DC could also grant garage owners a full or partial exemption from the increase for implementing certain measures like automated cash collection systems to ensure the tax is being correctly reported. In addition, the new zoning code requires certain numbers of bicycle spaces and car sharing spaces, and requires surface lots to have a certain amount of landscaping. If an existing lot complied with these rules, perhaps it should get some relief from the added tax.
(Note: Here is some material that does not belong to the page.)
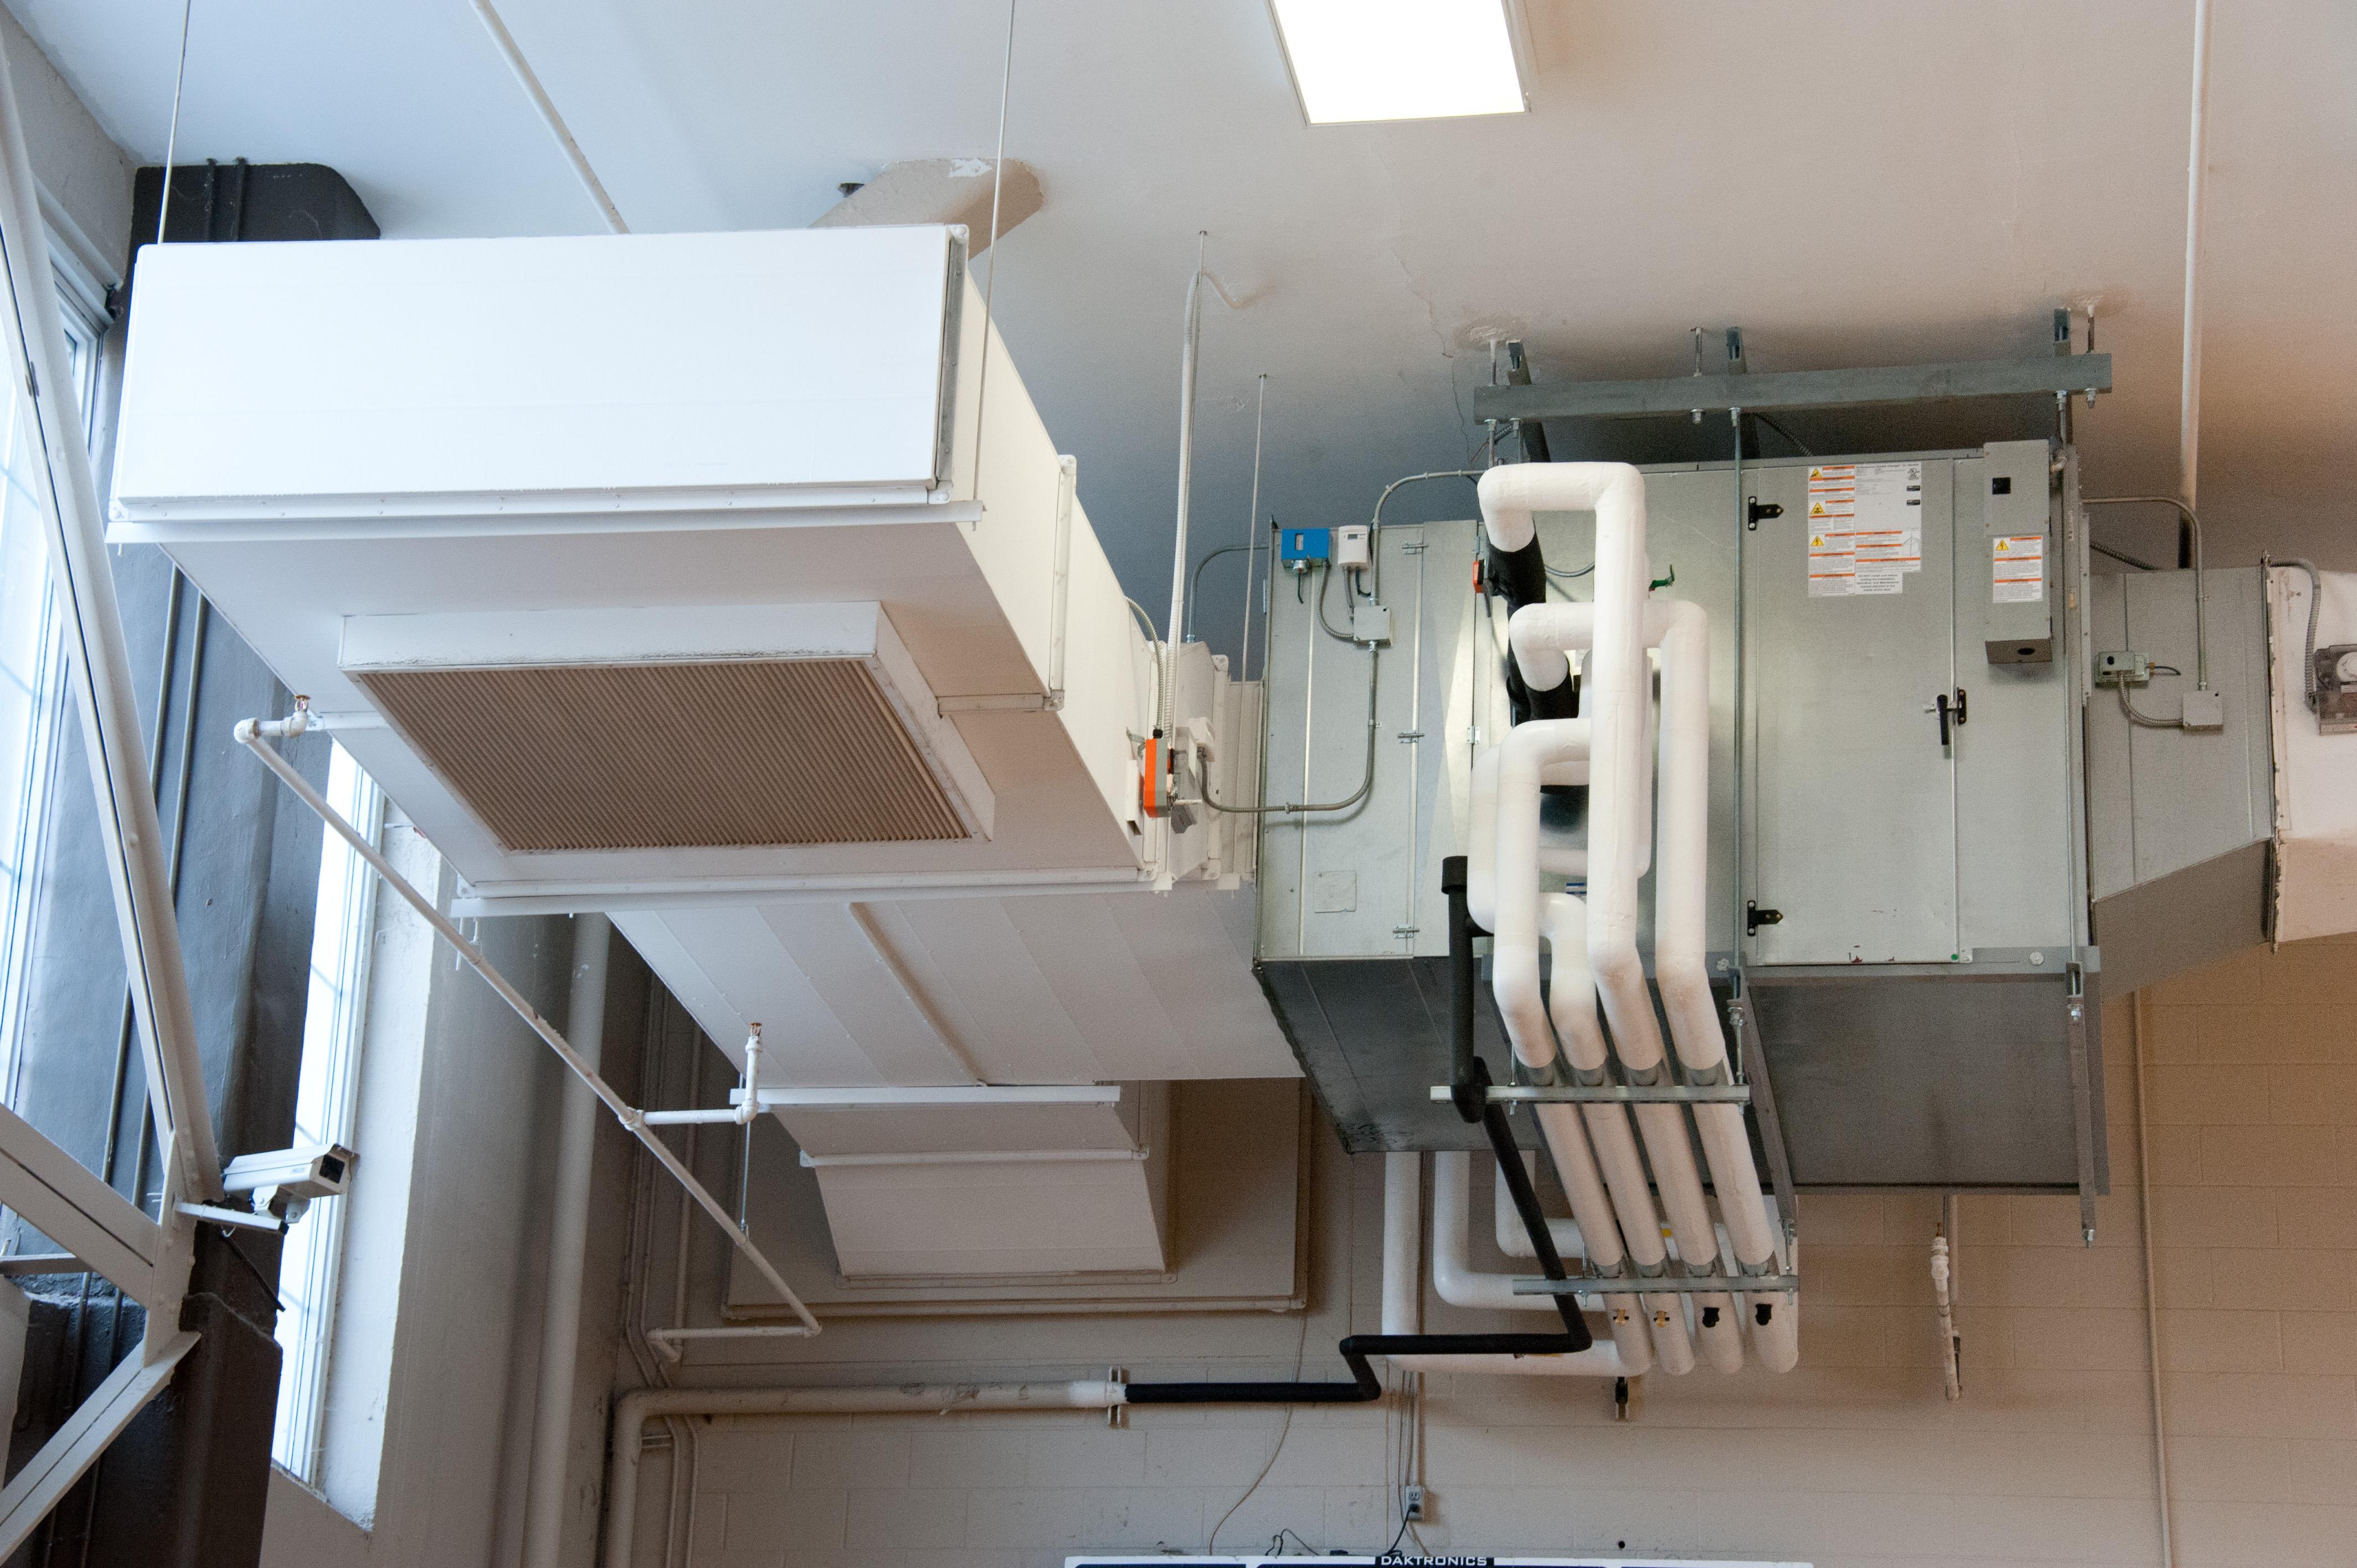 Image result for Ductless HVAC System Market

Close the free parking tax loophole. This is another longer-term measure that keeps getting kicked down the road and then is too long-term to implement in any budget cycle. But the off-street parking tax contains a big loophole, leaving out facilities that provide free parking to employees rather than contracting through a commercial operator. In the downtown area, these spaces should be taxed at a similar rate to commercial spaces.

This proposal has been introduced in the Council in the past as the “Clean Air Compliance Fee.” It wouldn’t help with the immediate budget, but it seems that the most meaningful budget measures get little attention outside budget crises, and then during every crisis it’s too late to implement it.

Contract out local bus routes. This is another longer-term issue, but again worth talking about while people are seriously thinking about budgets. If DC took over its local bus routes and contracted them out, DDOT believes it could save quite a lot of money.

What else? Do you have other ideas for ways to make bigger cuts or raise revenue in transportation?